• PROBLEM TO WORK ON:
Whenever a picture appears, leave it out while repeating all the other data exactly.

• THE DATA:

* * * * * * * * *

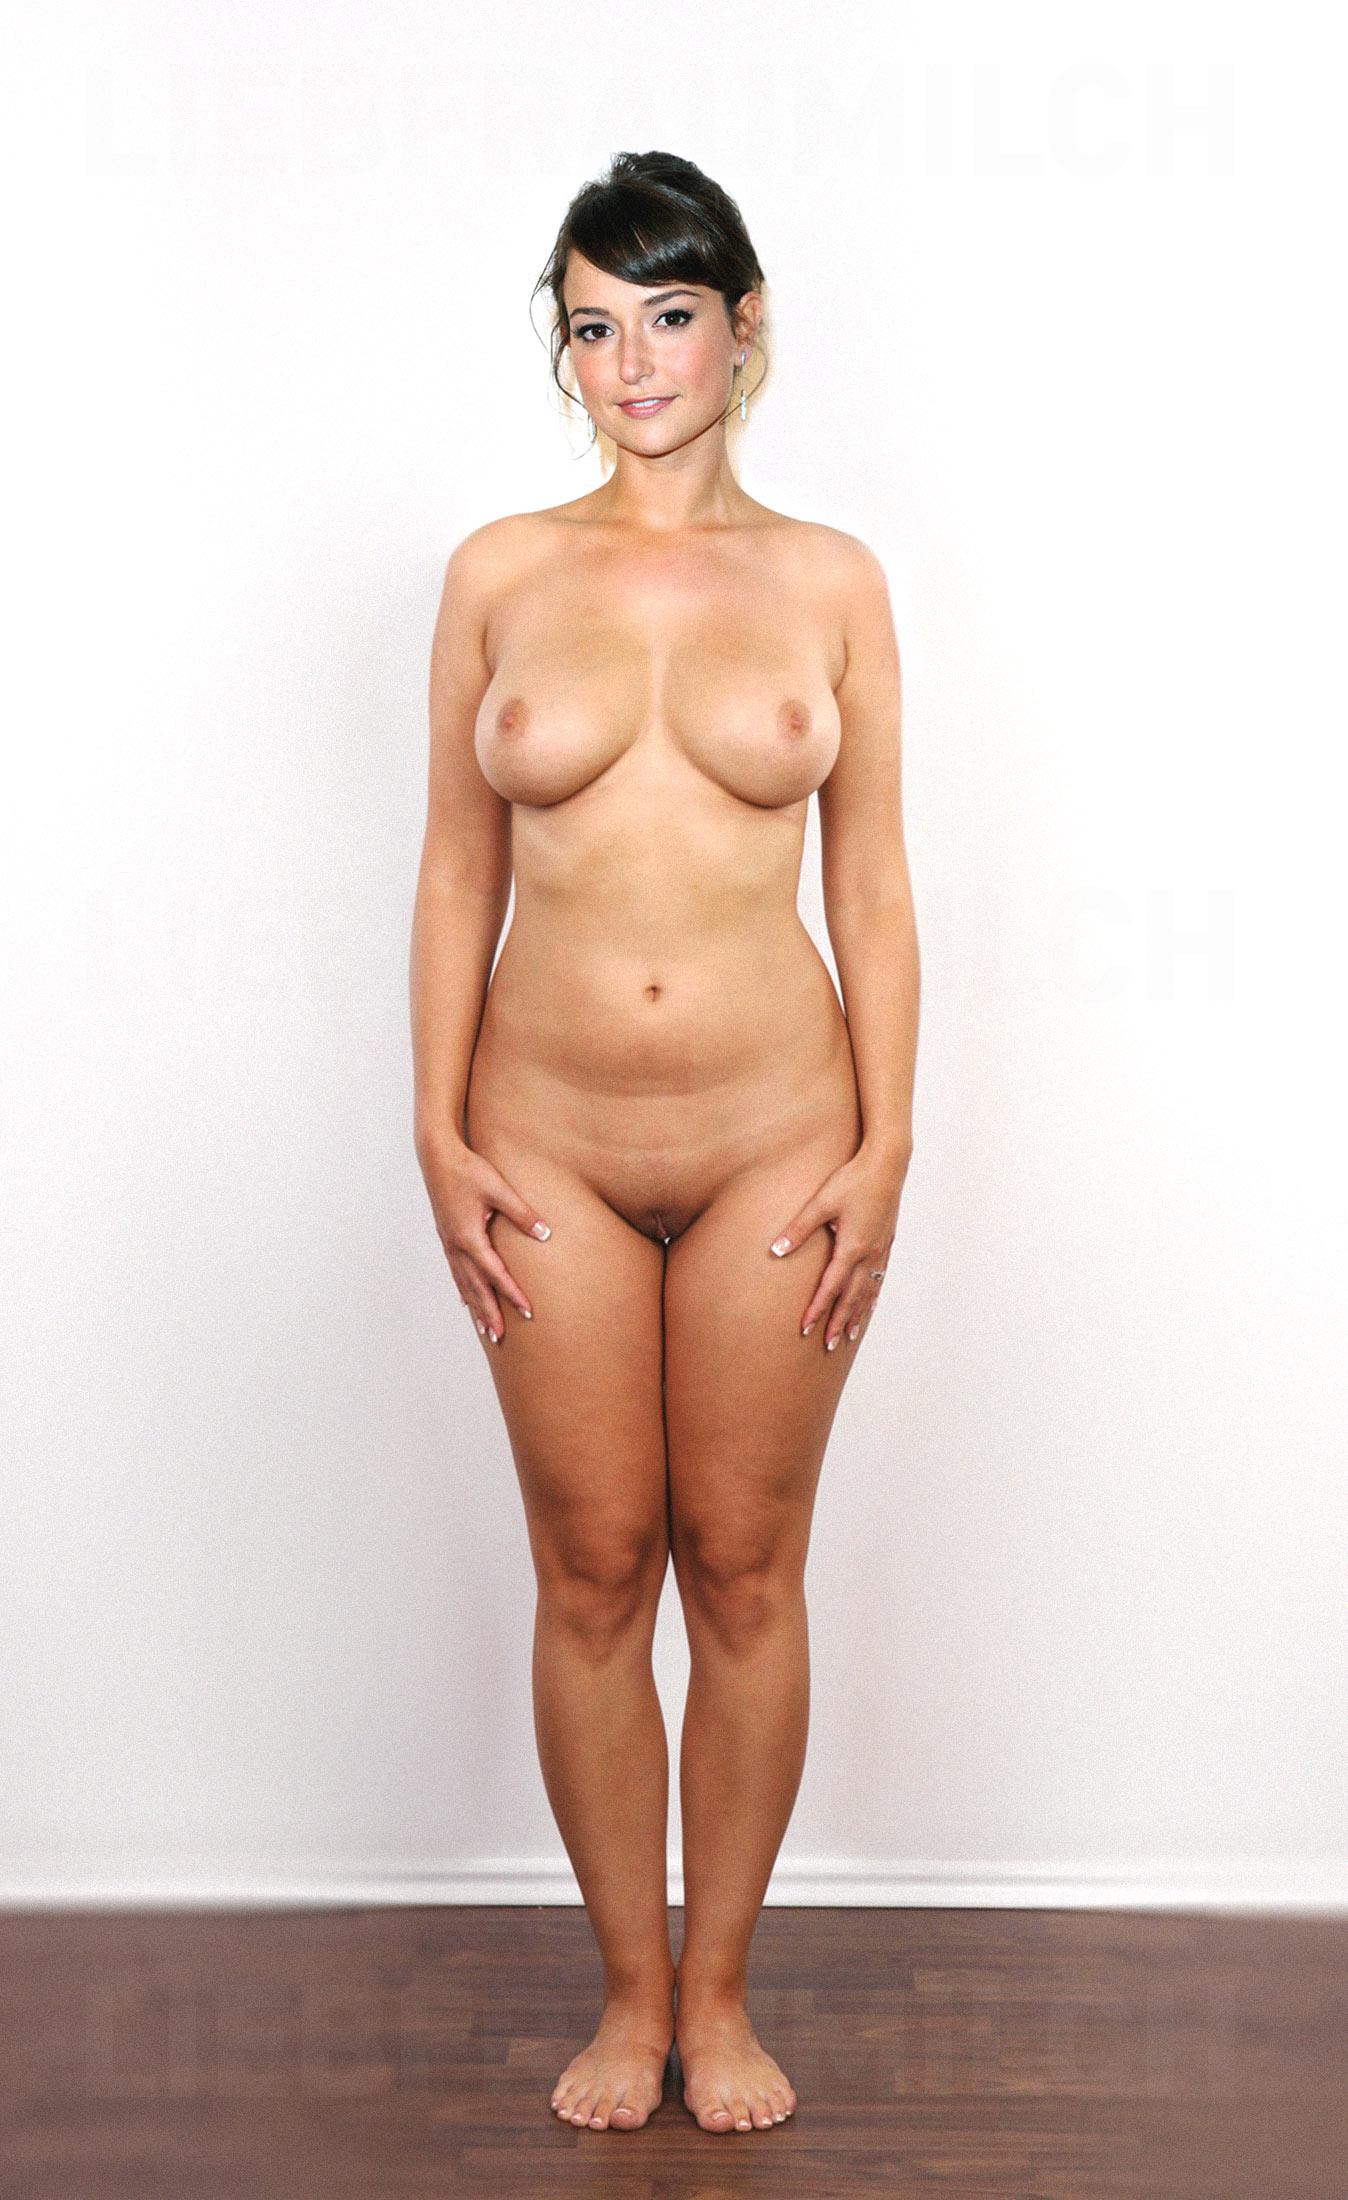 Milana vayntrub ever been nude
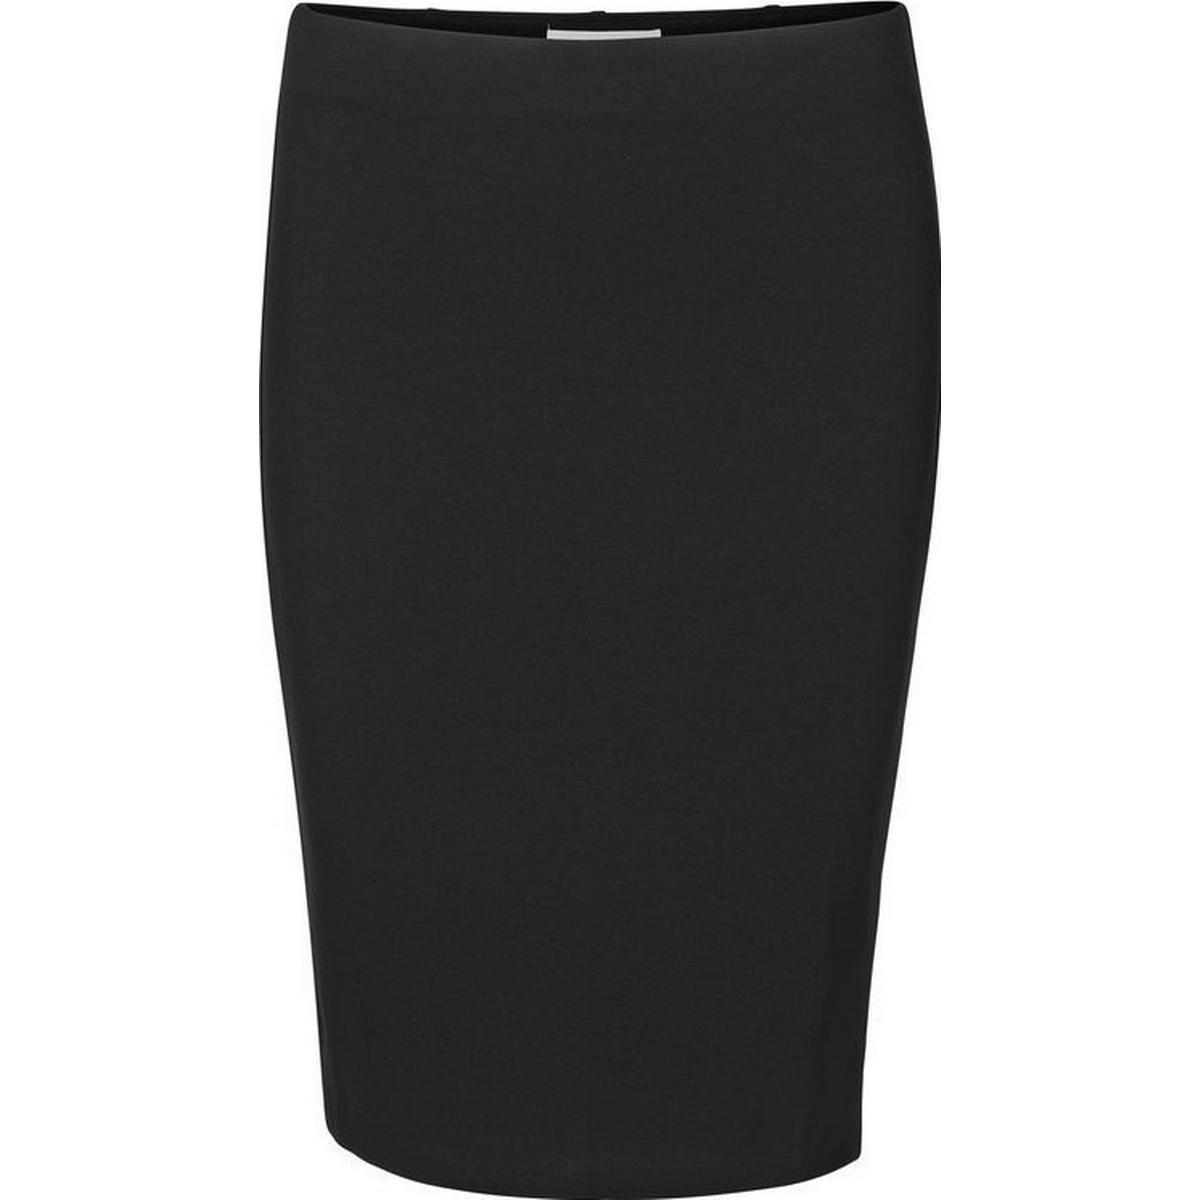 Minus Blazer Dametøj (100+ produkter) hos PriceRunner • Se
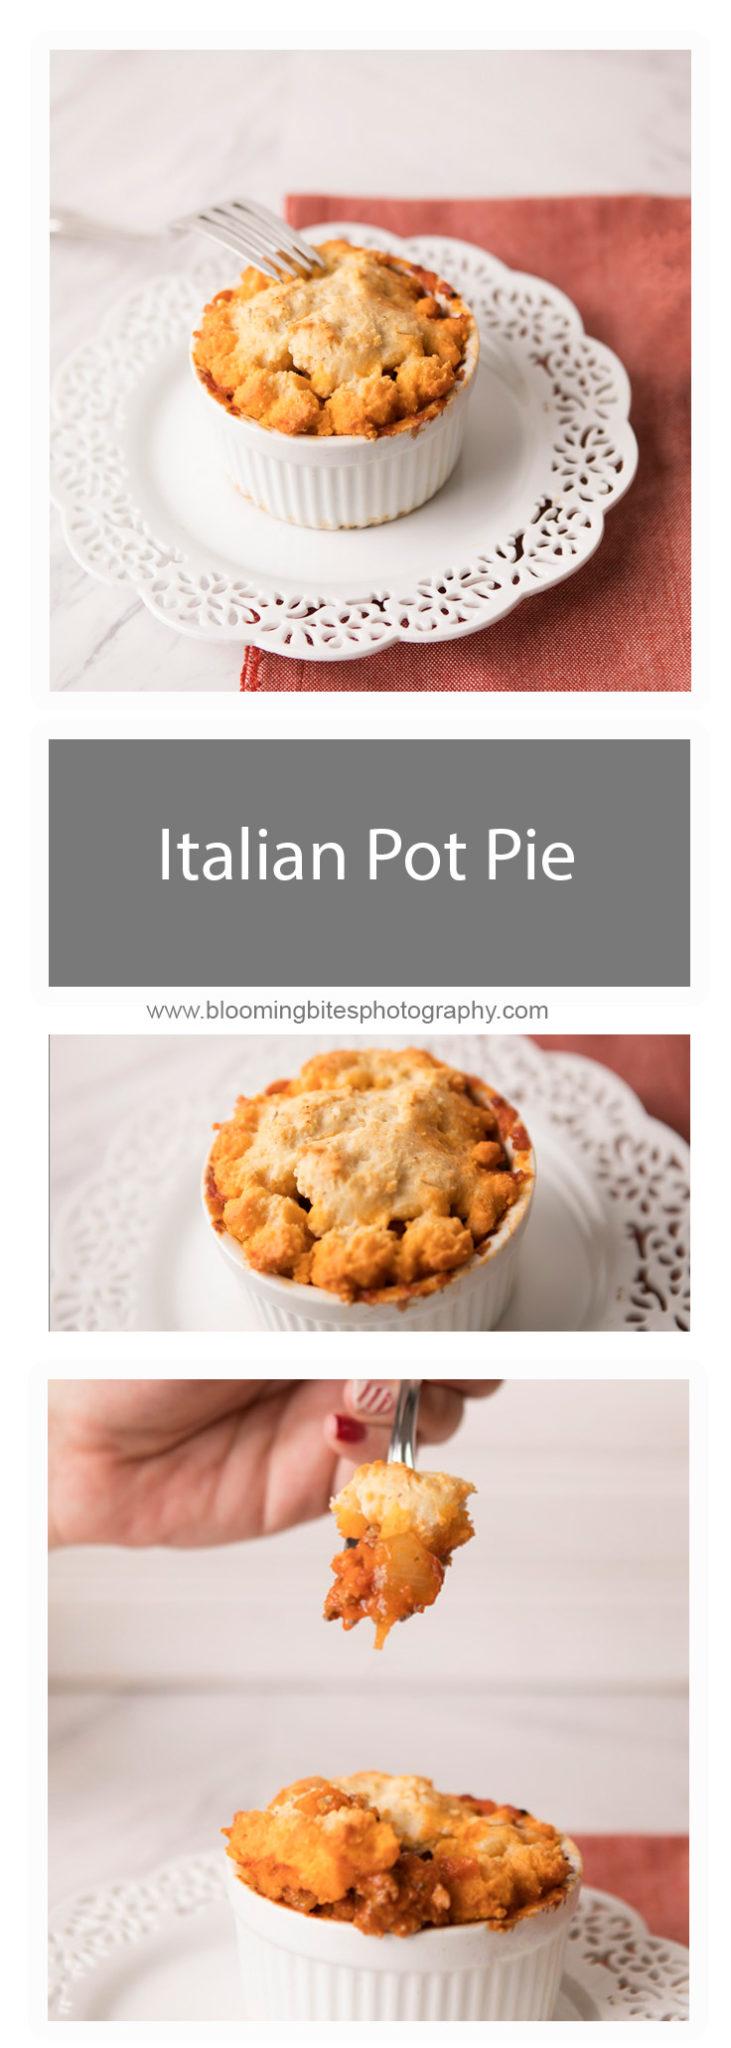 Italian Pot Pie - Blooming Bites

* * * * * * * * *

• COMPLETED EXERCISE:
 Milana vayntrub ever been nude
 Minus Blazer Dametøj (100+ produkter) hos PriceRunner • Se
 Italian Pot Pie - Blooming Bites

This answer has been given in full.